Sur les premières pages d’un journal complètement neuf et vierge.
J’ai oublié comment recommencer : comment se présenter à un nouveau journal ? Comment fait-on un autoportrait en mots ? Cela serait-il plus pertinent qu’une peinture, qu’un cliché volé à mon ignorance de l’objectif en face ? Je pense, oui. Il me semble que les mots définissent en général assez bien tout ce qu’il y a à savoir sur ma personne. Ils dressent un constat qui semble étonnamment plus fiable. Ce qui est certain, c’est qu’ils ont un petit pouvoir en plus : ils laissent voir l’invisible (l’intérieur).
Un jour, l’un de mes professeurs a déclaré que la littérature est “l’art le plus puissant de tous”, car il permet aux esprits de pénétrer dans la tête de quiconque s'amuse à écrire, et ainsi, bien-sûr, de comprendre et de penser (et ressentir) tout comme l’auteur. J’avais écouté les paroles de mon professeur avec l’intime conviction qu’il savait lire les cœurs et comprendre les âmes. Depuis, je n’ai cessé d’écrire avec cette idée dans un petit coin de ma tête : peut-être qu’un jour, quelqu’un me lira et pourra emprunter mes yeux, mes oreilles, mes mains, mes larmes, mes doutes.
Peut-être qu’un lecteur deviendra le miroir de tout ce qui vit à l’intérieur de moi sans jamais trouver autre issue de secours qu’une page blanche.
(Mon Dieu, toutes ces choses que j’écris sans jamais dire !)
Voici donc mon autoportrait en mots :
odeur de café et goût de tabac froid (culpabilité brûlante)
stylos rouges usés trop vite, stylos noirs toujours égarés, gribouillis littéraires
amours non réciproques (sauf celui que j’ai avec l’existence entière)
croissant de Lune autour de la nuque,
étoiles plein les yeux,
parfum(s) d’été(s), nostalgies naïves,
boîte à souvenirs qui débordent autant que le cœur
yeux noirs comme une nuit polaire où il pleut souvent
volonté plus grande que le soleil
esprit aussi lointain que saturne
affection étrange pour les maladresses du cœur et les mauvais sorts
(c’est quand ça fait mal que j’écris le mieux)
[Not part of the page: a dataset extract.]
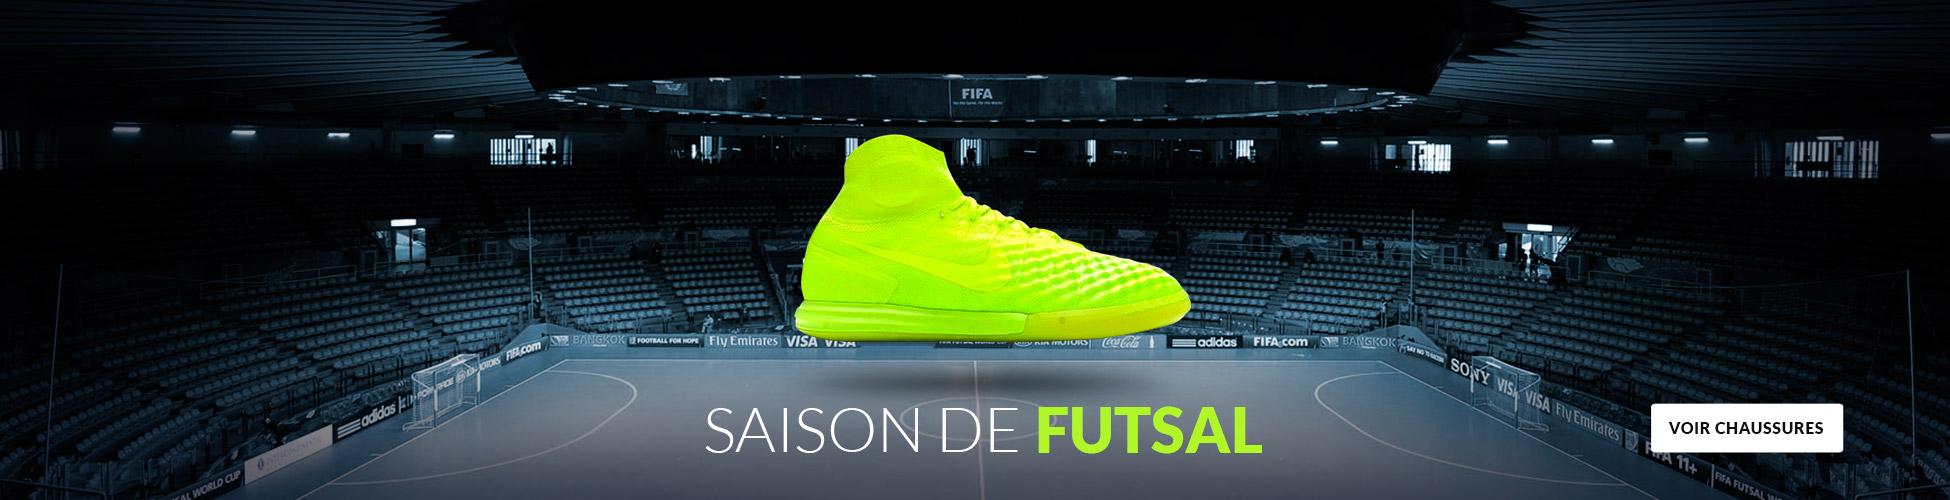 Temporada Futsal FR

appareil photo, clichés flous
musique tellement forte que mes oreilles bourdonnent
notes, post-its partout, des mots partout, pour rien dire, tout dire,
pour abuser de mon encre par passion ou simplement car j’aime voir mon stylo frétiller sur le papier maltraité
bruit de talons à chaque pas
dos abîmé à force de transporter trop de livres et de carnets
rire des vagues qui résonnent dans mon cœur comme celui d’une mère
rire de maman qui résonne dans mon cœur.
envie de fuir et de rester planter au même endroit pour toujours
envie de changer et que tout reste à jamais pareil
paradoxes, dilemmes, questions d’adolescent
envies d’adolescente
fleurs mortes et café sec à sept heure
courir après le temps mais sans jamais trébucher grâce à une patience remarquable sans autre explication qu’une qualité volée à une vie antérieure
réincarnation et cartes de tarots (expliquez moi, expliquez moi)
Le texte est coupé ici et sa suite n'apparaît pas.